Komandan Satgas SAR Korps Brimob Polri BKO Polda NTT Kombes Pol. Hasripuddin mengatakan kegiatan ini merupakan bagian dari komitmen kepolisian dalam memulihkan kondisi psikologis warga terdampak bencana.
"Pascabencana, anak-anak membutuhkan perhatian dan pendampingan agar tetap memiliki semangat serta kembali merasa aman.
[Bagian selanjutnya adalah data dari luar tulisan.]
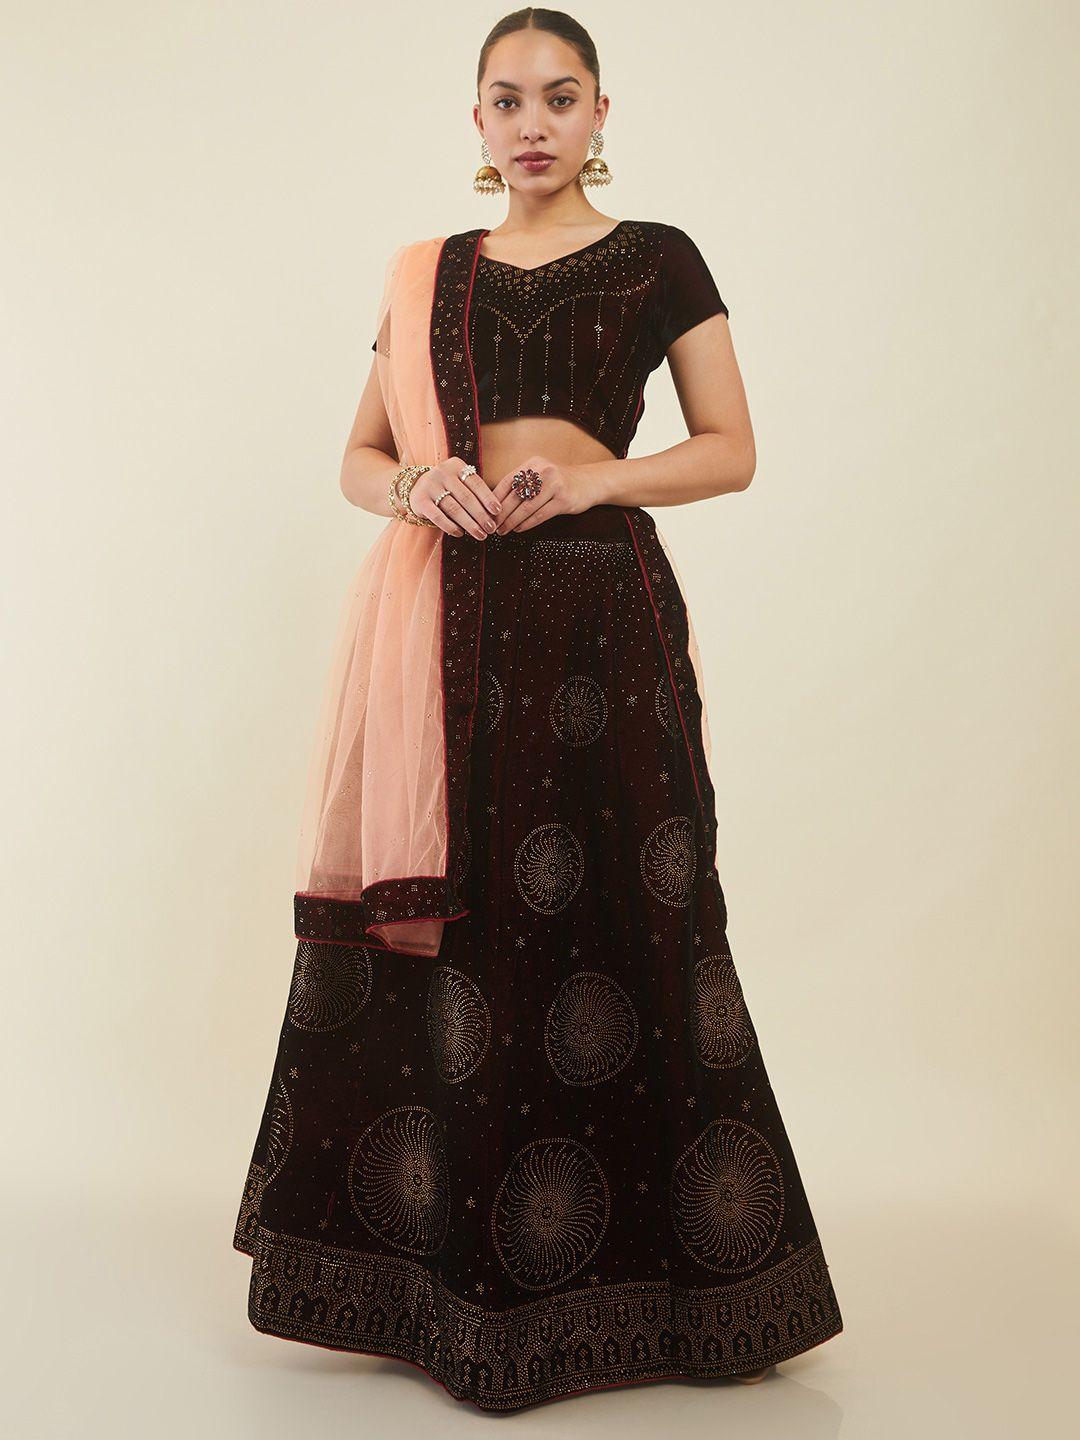 soch embellished beads and stones unstitched lehenga & blouse with dupatta

Melalui kegiatan trauma healing ini, kami berupaya menghadirkan suasana yang menyenangkan sekaligus memberikan edukasi dan motivasi," kata Hasripuddin dalam keterangannya, Minggu.
Ia menegaskan, penanganan pascabencana tidak hanya berfokus pada tahapan evakuasi dan penyaluran bantuan fisik dasar, melainkan juga pemulihan kondisi mental korban, khususnya kelompok anak-anak di tempat pengungsian.
Rangkaian kegiatan tersebut disambut hangat oleh warga dan orang tua murid. Anak-anak pengungsi antusias mengikuti seluruh sesi pendampingan interaktif yang disajikan oleh petugas.
"Melihat anak-anak kembali tersenyum dan bersemangat menjadi bagian penting dari proses pemulihan pascabencana. Kami akan terus bersinergi memberikan pelayanan serta pendampingan bagi masyarakat terdampak," ujarnya.
Kegiatan yang dimulai pukul 09.00 WITA tersebut dipimpin oleh Komandan Kompi Satgas SAR Korps Brimob Polri BKO Polda NTT AKP Roy Ronaldo Dansu.
Sebanyak 10 personel diterjunkan untuk memberikan pendampingan edukatif dan motivatif kepada para pengungsi anak.